Reputation: 197
I have the following data:
Data <- data.frame(Project=c(123,123,123,123,123,123,123,123,124,124,124,124,124,125,125),
Value=c(1,2,3,4,7,3,8,9,8,3,2,5,6,2,3),
OldValue=c("","Open","In Progress","Open","In Progress","Complete","Open","In Progress","Complete","Open","In Progress","System Declined","In Progress","","Open"),
NewValue=c("Open","In Progress","Open","In Progress","Complete","Open","In Progress","Complete","Open","In Progress","System Declined","In Progress","Complete","Open","Complete"))
Data$Request <- ifelse(((Data$OldValue==""|Data$OldValue=="Complete"|Data$OldValue=="System Declined"|Data$OldValue=="In Progress")&Data$NewValue=="Open"),Data$Value,NA)
Data$Start <- ifelse(((Data$OldValue=="Open"|Data$OldValue=="Complete"|Data$OldValue=="System Declined")&Data$NewValue=="In Progress"),Data$Value,NA)
Data$End <- ifelse(((Data$NewValue=="Complete"|Data$NewValue=="System Declined")&(Data$OldValue=="Open"|Data$OldValue=="In Progress")),Data$Value,NA)
I want to be able to determine the number of completed projects with their associated values by unique Project ID. A completed project is one that has both the "Request" and "End" fields populated ("Start" is not a required field).
I'd like to obtain the information using the following criteria:
I'm only interested in capturing the first instance of the "Request", "Start" and "End" fields. Example: top 5 lines of code show two "Request" values, two "Start" values, and one "End" value. I'd want to merge the first instance of each field into one row, so the result would be 1,2,7.
In the same example as above, I'd want the 1,2,7 values to be merged on the first instance of the "NewValue" being "Open", not the second, and not both.
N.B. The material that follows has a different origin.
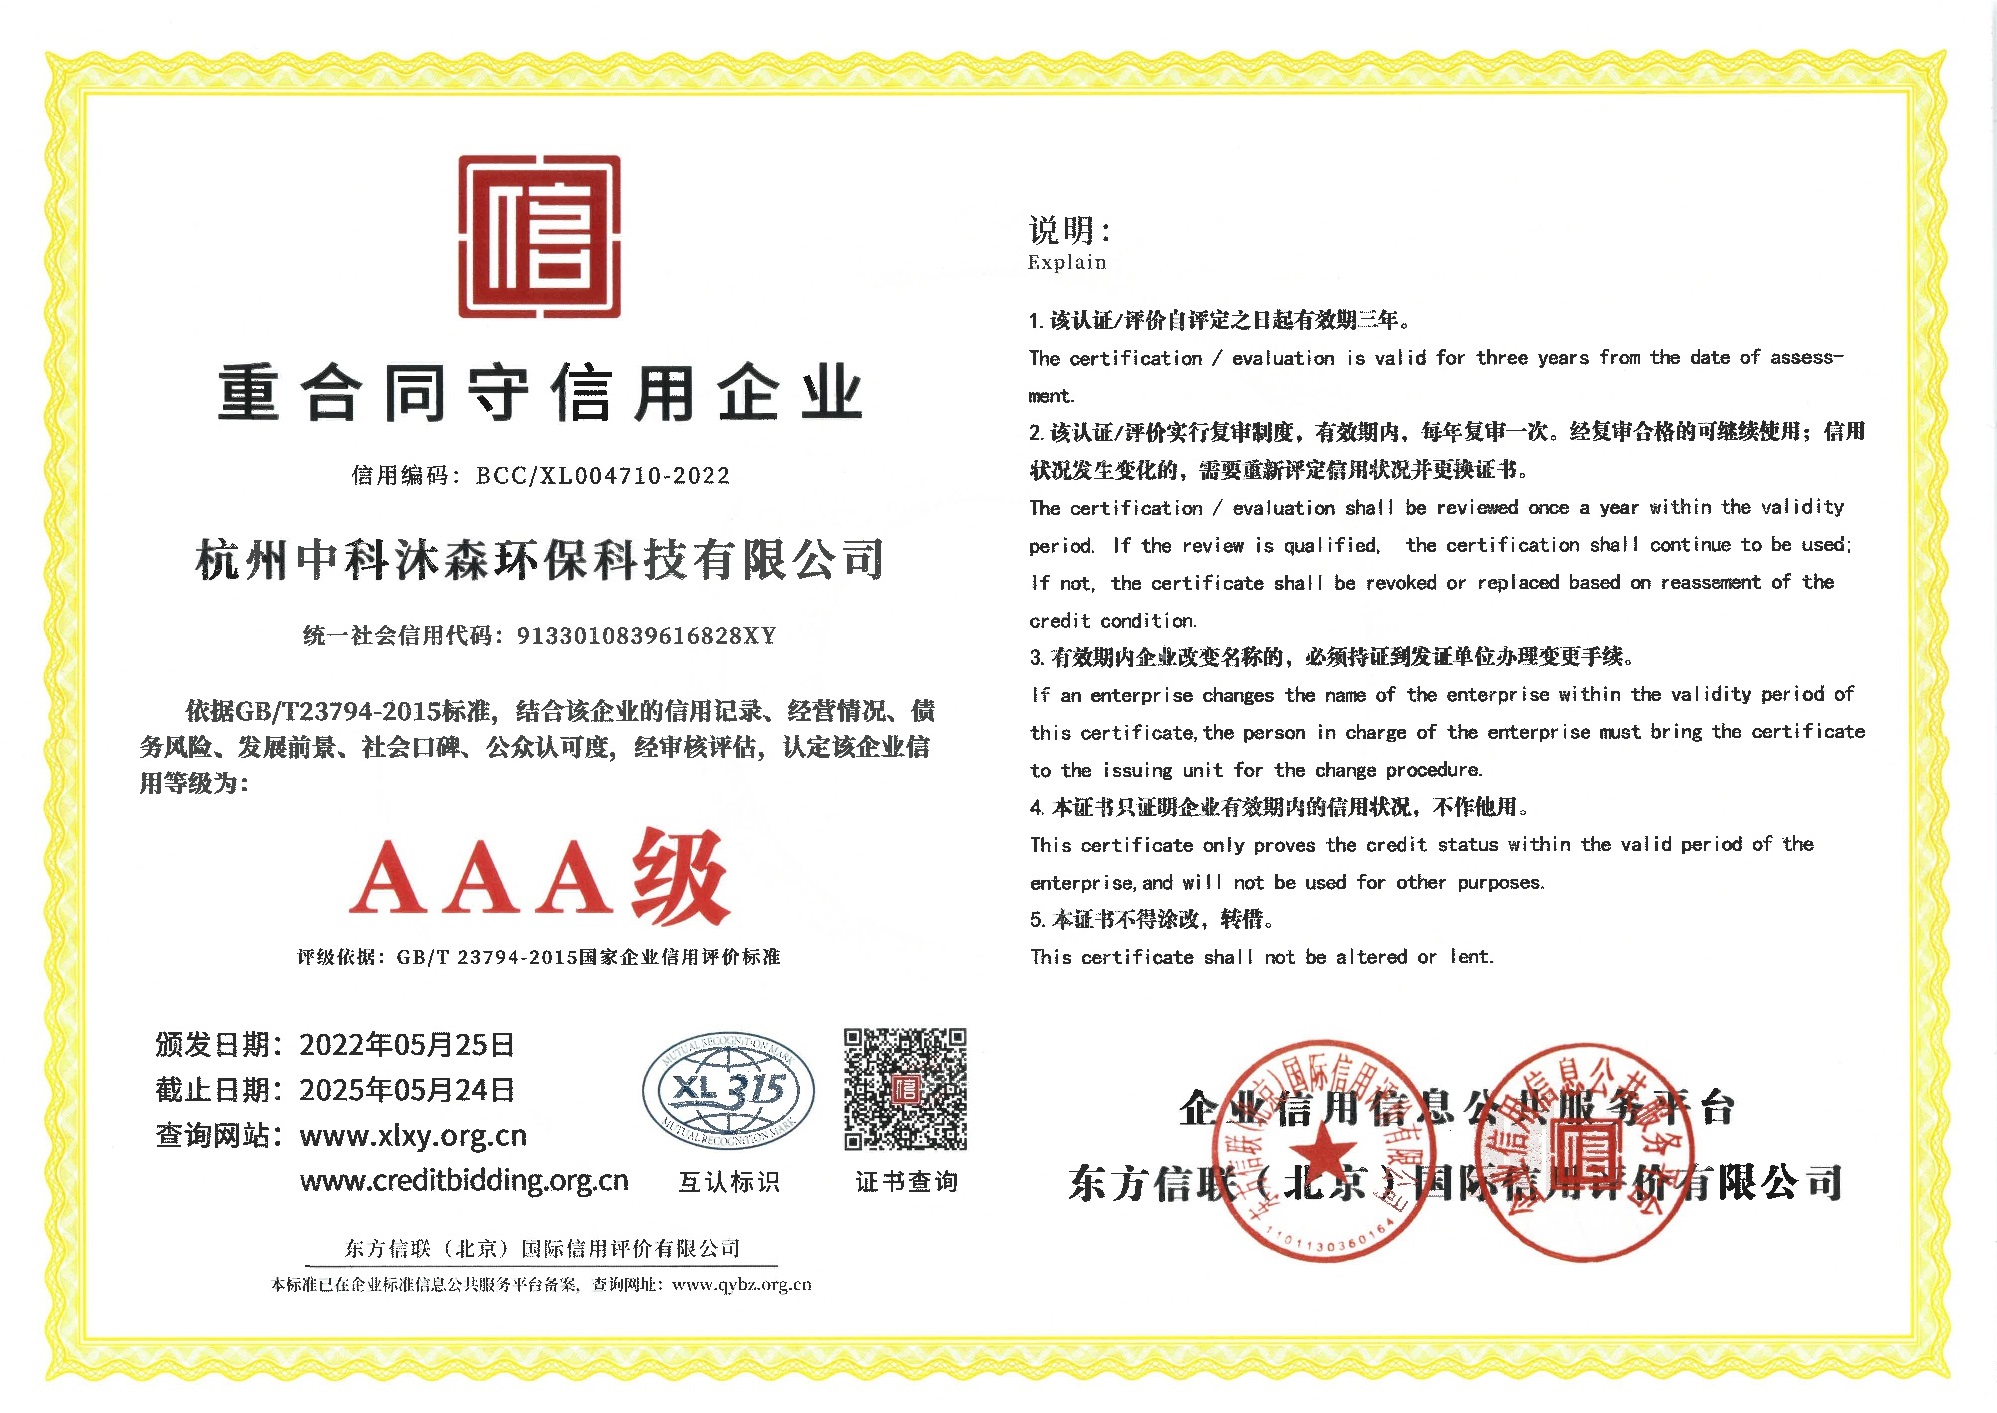 沐森-AAA级信用等级认证证书

There can be multiple completed projects per uneir Project ID. Example: Project ID 123 should have two completed projects: values 1,2,7 and 3,8,9
This is the result I'm looking for:
Result <- data.frame(Project=c(123,123,124,125),
Value=c(1,3,8,2),
OldValue=c("","Complete","Complete",""),
NewValue=c("Open","Open","Open","Open"),
Request=c(1,3,8,2),
Start=c(2,8,3,""),
End=c(7,9,2,3))
Would really appreciate any help coding this.
Upvotes: 0
Views: 60
Reputation: 2716
it's not clear what the OP wants exactly, but I hope you can tweak this code to obtain the desired result
require(data.table)
Data <- data.table(Data)
Data2 <- Data[,.(OldValue, NewValue,Request = first(Request[!is.na(Request)]),
Start = first(Start[!is.na(Start)]),
End = first(End[!is.na(End)])),
.(Project, Value)]
Upvotes: 1